■ Source data:
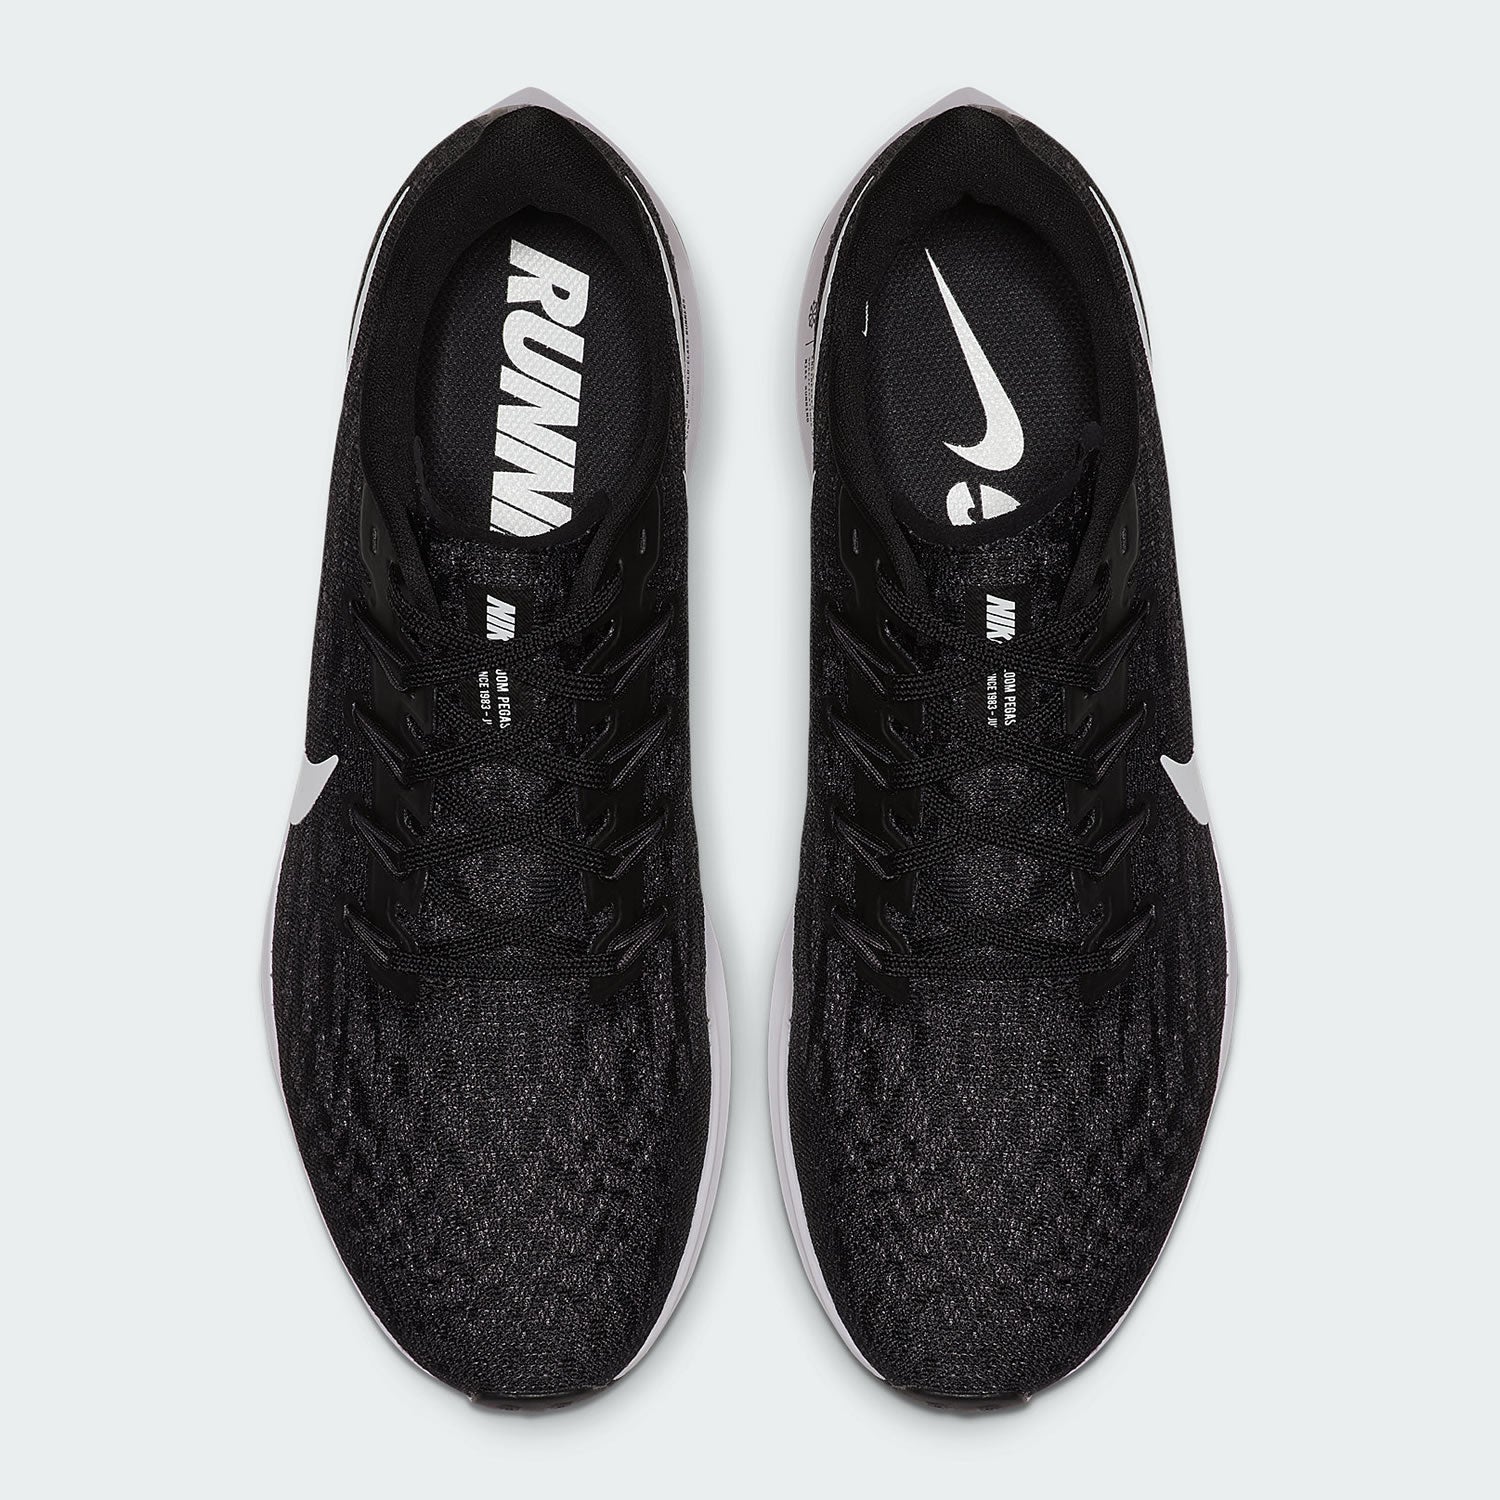 tradesports.co.uk Nike Men's Air Zoom Pegasus 36 Shoes AQ2203 002 Black
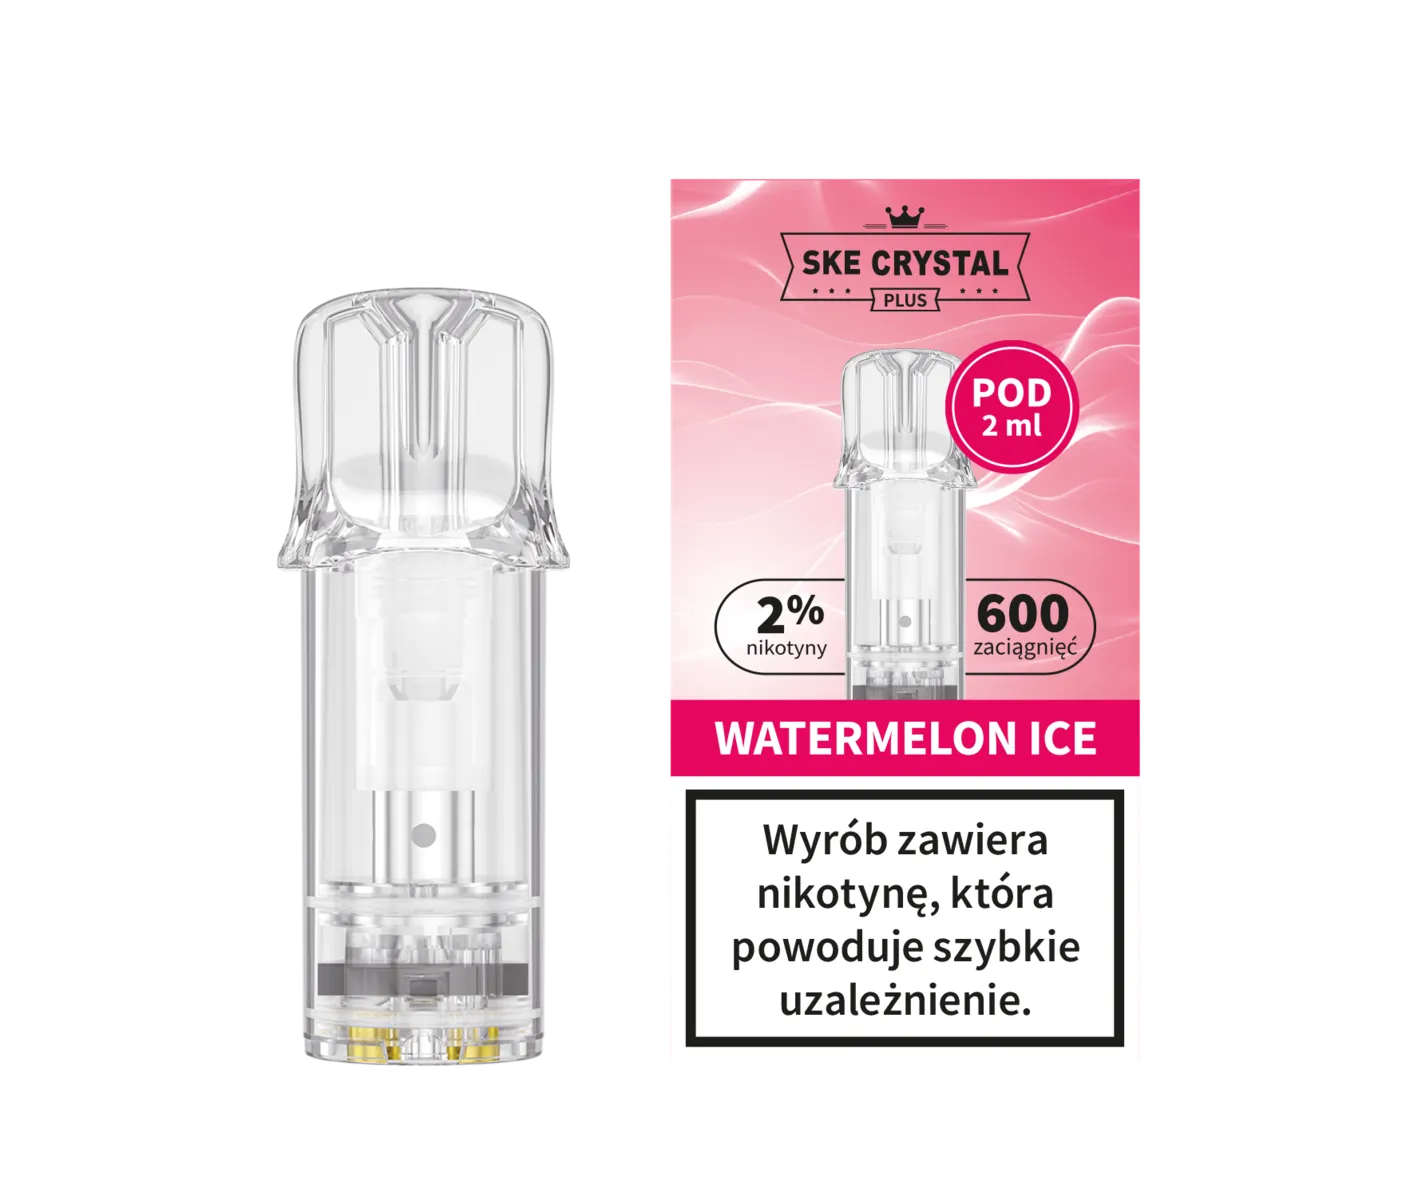 POD Crystal Plus WATERMELON ICE
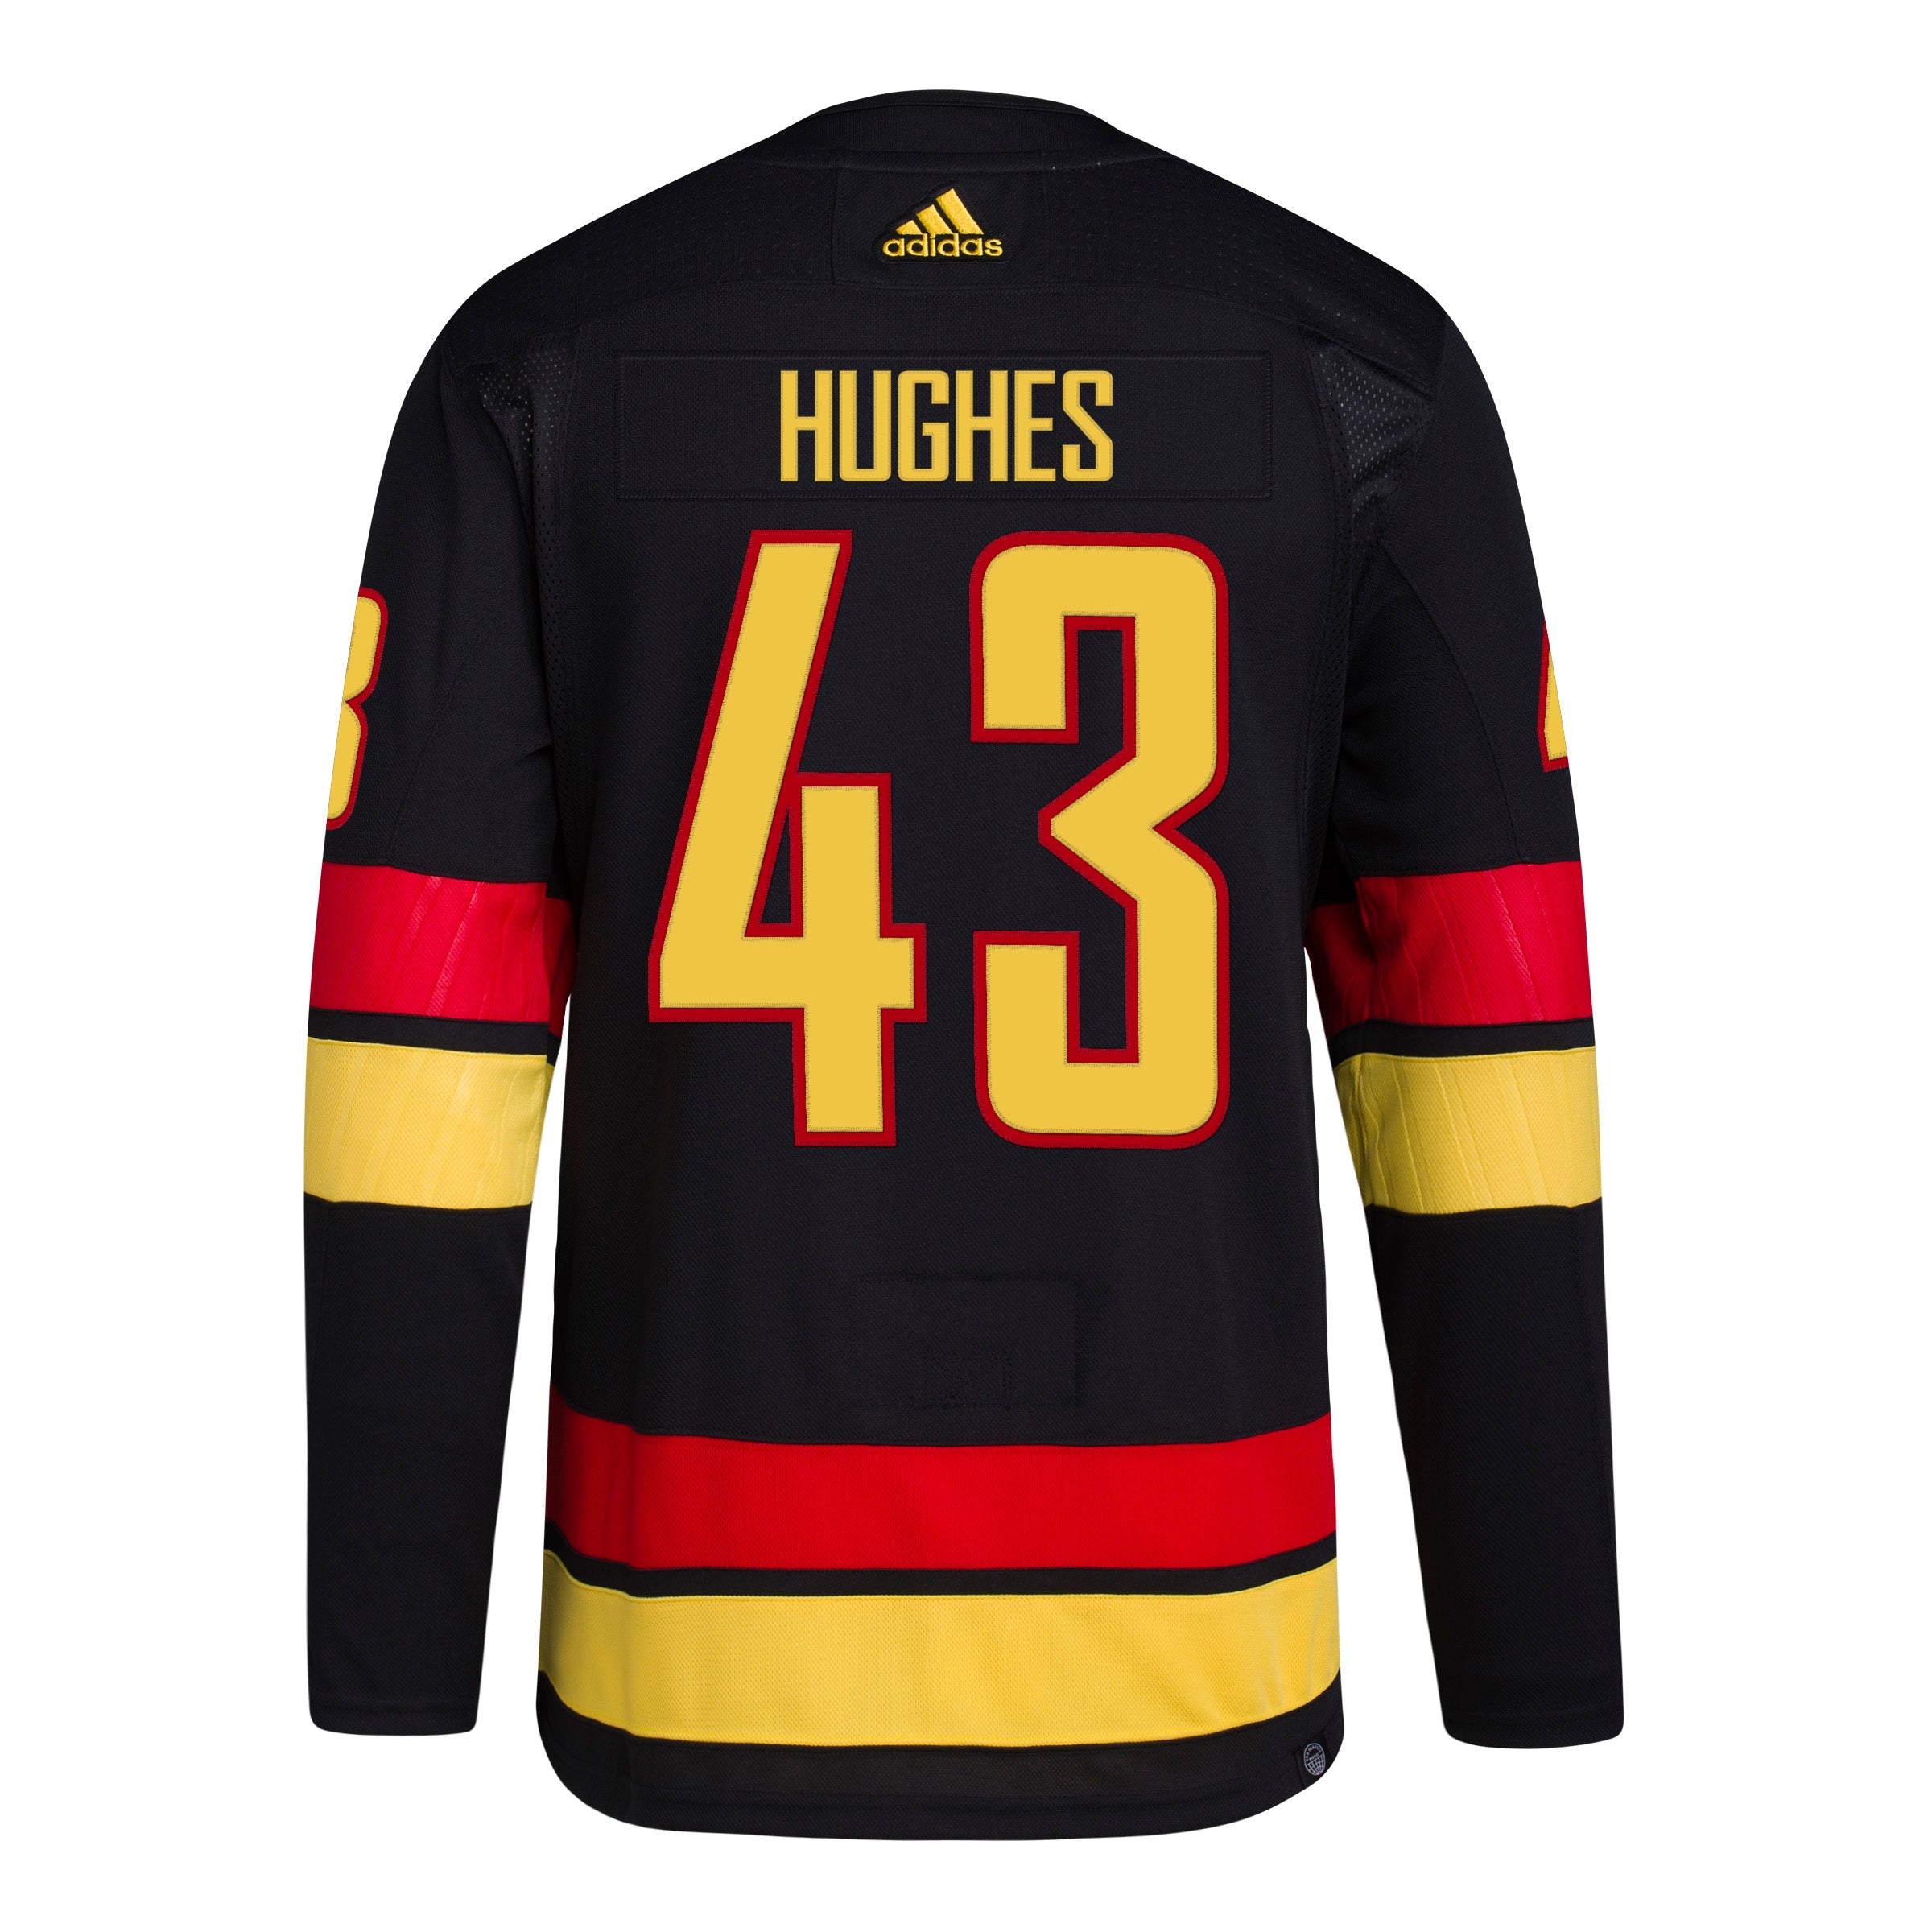 New Vancouver Canucks QUINN HUGHES jersey

■ What you will do:
Everything from the line containing "POD Crystal Plus WATERMELON ICE" to the last line of the listing above must be reproduced exactly, with no pictures included.

■ Response below:
 POD Crystal Plus WATERMELON ICE
 New Vancouver Canucks QUINN HUGHES jersey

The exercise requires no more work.